イチャイチャするな
宿へと移動し、ブラファー夫妻の部屋を訪ねると、まぁ案の定2人の世界を作っていた。
「おい、ブラファー、アルメガ、ちょっと良いか?」
扉をノックしても反応せず、扉を開けて2人の目の前に移動して声を掛けても反応しない。完全に2人だけの世界を作っている2人。
この2人がこれほど仲睦まじいと知っていれば、竜人族にどう対処すれば良いか聞いておけば良かったと若干の後悔が生まれる。

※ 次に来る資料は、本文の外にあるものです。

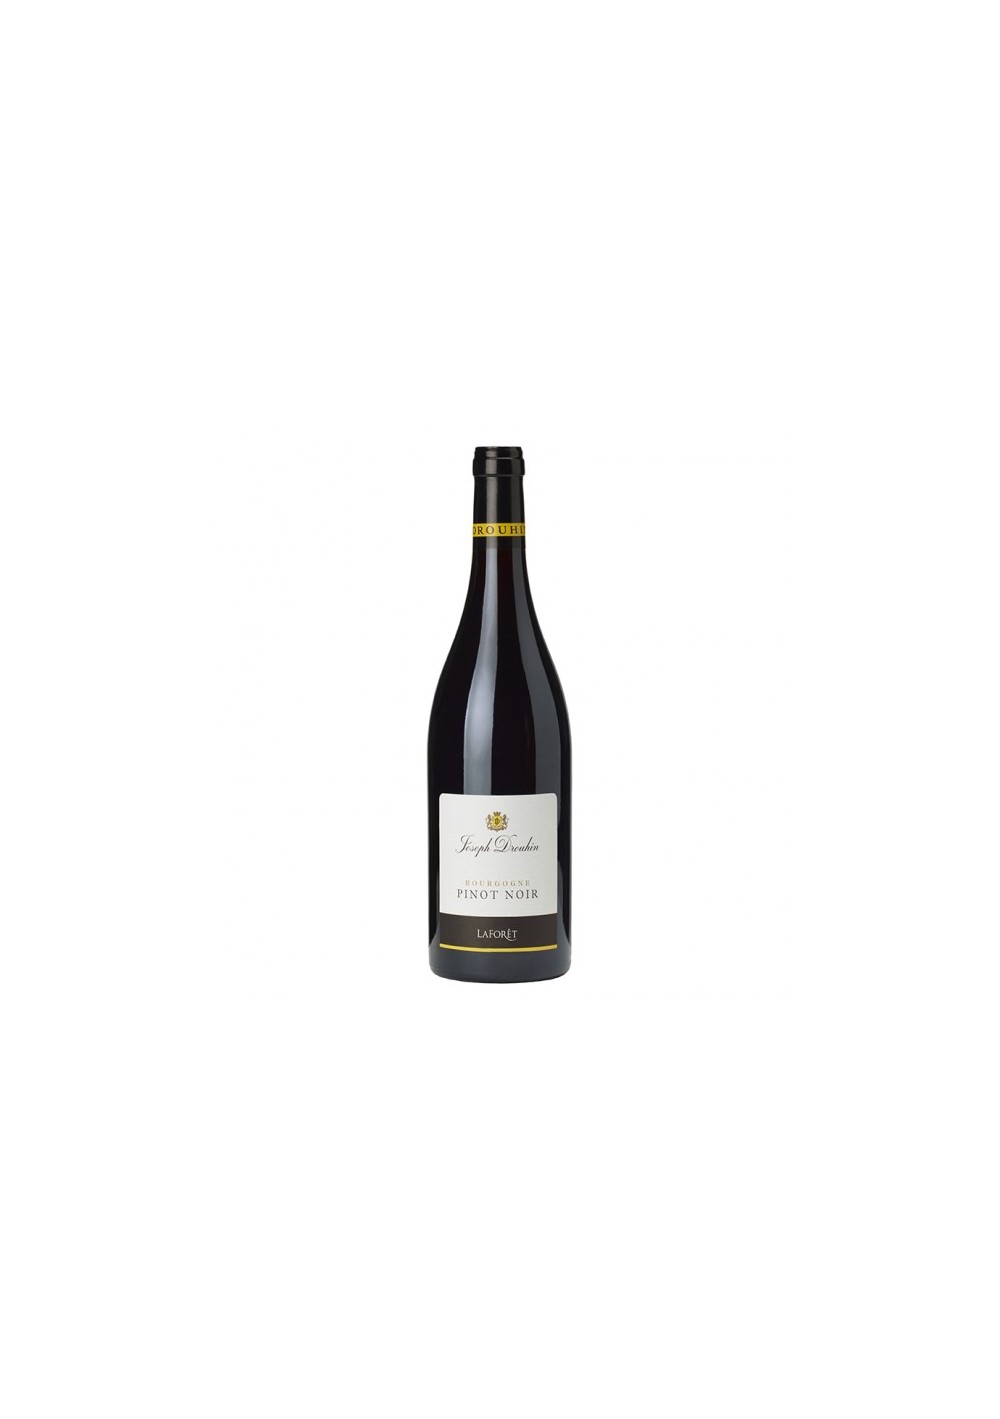 Bourgogne Pinot Noir Laforêt  2015 - Joseph Drouhin - (75cl)

仕方なく、敢えて2人の口を押さえるように無理矢理2人の距離を引き剥がし、ブラファーは強めに、アルメガは弱めに指で鼻先を弾いてやった。
そこまでしてようやく2人は俺を認識したようで、座りが悪そうに慌てて取り繕い始めた。
「ささ、サース殿、唐突にどう為された?」
「取り繕えてないぞ。まぁ、それは良い。俺はそろそろ発つ。お前等2人はどうするつもりだ?」
「む、もうそれほど時が経ったのか。早いものだな」
「お前等の場合、寝食忘れて2人の世界作ってんだ、そもそも時間の概念なんて端から無いだろ」
「……サース殿、なんだか里を出てからというもの、何やら我々に冷たくはないか?」
「人の目気にせず、ずっとその調子でそれを見せ続けられれば嫌でも扱いは雑になる。
で、どうするんだ?」
「ふむ、そうだなぁ……」
ブラファーはアルメガを一瞥し、アルメガが頷いたのを見ると、腕を組んで唸りながら考え始めた。
しかしすぐに結論は出たらしく、返答が返ってきた。